You are given an array of integers stones where stones[i] is the weight of the ith stone.

We are playing a game with the stones. On each turn, we choose the heaviest two stones and smash them together. Suppose the heaviest two stones have weights x and y with x <= y. The result of this smash is:

  • If x == y, both stones are destroyed, and
  • If x != y, the stone of weight x is destroyed, and the stone of weight y has new weight y - x.

At the end of the game, there is at most one stone left.

Return the weight of the last remaining stone. If there are no stones left, return 0.

 

Example 1:

Input: stones = [2,7,4,1,8,1]
Output: 1
Explanation: 
We combine 7 and 8 to get 1 so the array converts to [2,4,1,1,1] then,
we combine 2 and 4 to get 2 so the array converts to [2,1,1,1] then,
we combine 2 and 1 to get 1 so the array converts to [1,1,1] then,
we combine 1 and 1 to get 0 so the array converts to [1] then that's the value of the last stone.

Example 2:

Input: stones = [1]
Output: 1

 

Constraints:

  • 1 <= stones.length <= 30
  • 1 <= stones[i] <= 1000

Code

				
					 public int lastStoneWeight(int[] stones) {
        PriorityQueue<Integer> minHeap = new PriorityQueue<>();
        for (int s : stones) {
            minHeap.offer(-s);
        }

        while (minHeap.size() > 1) {
            int first = minHeap.poll();
            int second = minHeap.poll();
            if (second > first) {
                minHeap.offer(first - second);
            }
        }

        minHeap.offer(0);
        return Math.abs(minHeap.peek());
    }
				
			

Convert All Weights to Negative:

 

				
					for (int s : stones) {
    minHeap.offer(-s);
}

				
			
  • We iterate over each stone in the array stones and insert its negative value into the minHeap. By storing negative weights, the min-heap will effectively behave like a max-heap, because the smallest value in a min-heap will correspond to the largest (positive) stone weight.

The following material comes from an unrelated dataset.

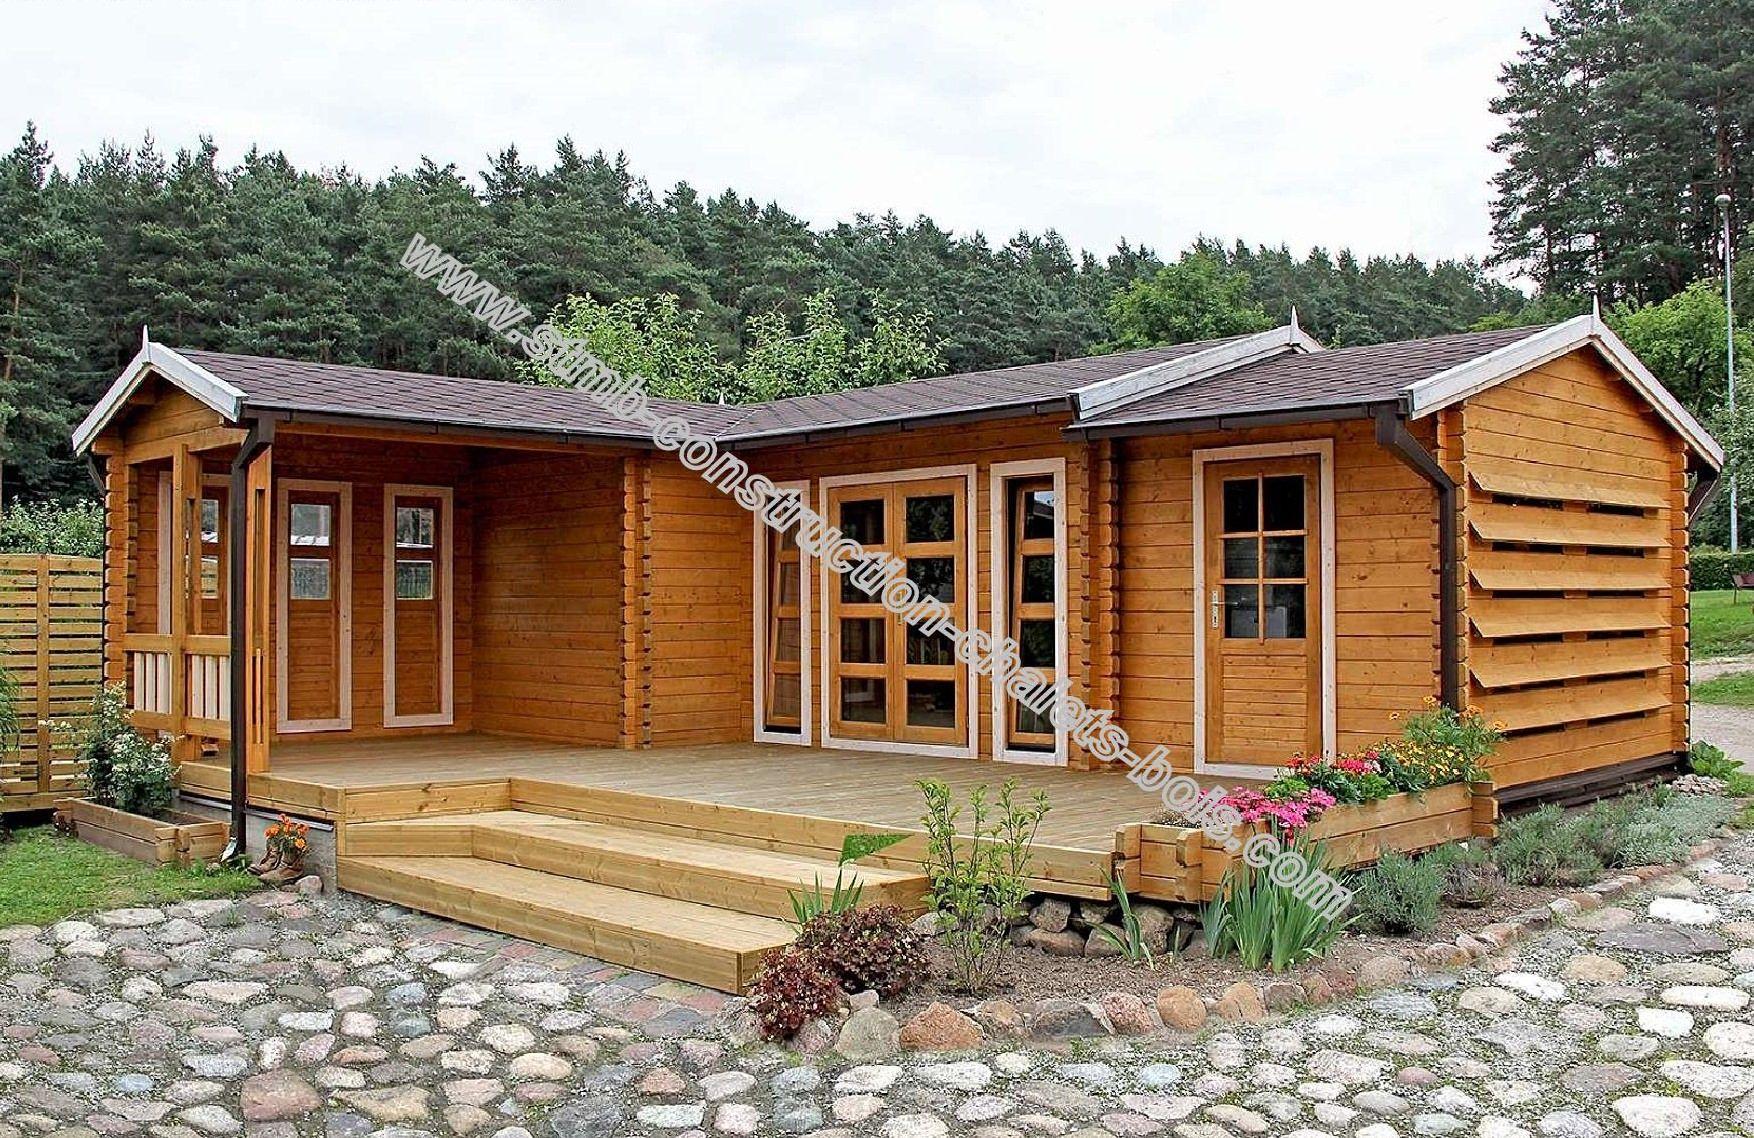 75 Impressionnant Image De Chalet Habitable 40M2 | Cabane ... tout Cabane De Jardin Habitable

Smash the Two Heaviest Stones

				
					while (minHeap.size() > 1) {
    int first = minHeap.poll();
    int second = minHeap.poll();
    if (second > first) {
        minHeap.offer(first - second);
    }
}

				
			
  • The loop continues until there is one or zero stones left in the heap.
  • In each iteration, the two heaviest stones (i.e., the two smallest negative numbers in the heap) are removed using minHeap.poll().
    • first and second represent the two heaviest stones (in negative values).
  • If the stones have different weights (i.e., second > first), the difference between their negative values (first - second) is added back to the heap, which simulates keeping the remaining weight after smashing.

Handle the Remaining Stone

				
					minHeap.offer(0);
return Math.abs(minHeap.peek());

				
			
  • If no stones are left, the heap will be empty, so we add 0 to the heap as a fallback in case there are no remaining stones.
  • The method then returns the absolute value of the top element in the heap (minHeap.peek()), which will either be the weight of the last stone or 0.

Example Walkthrough:

Let’s take an example:

  • Input: stones = [2, 7, 4, 1, 8, 1]
  1. We push negative values into the heap: [-2, -7, -4, -1, -8, -1].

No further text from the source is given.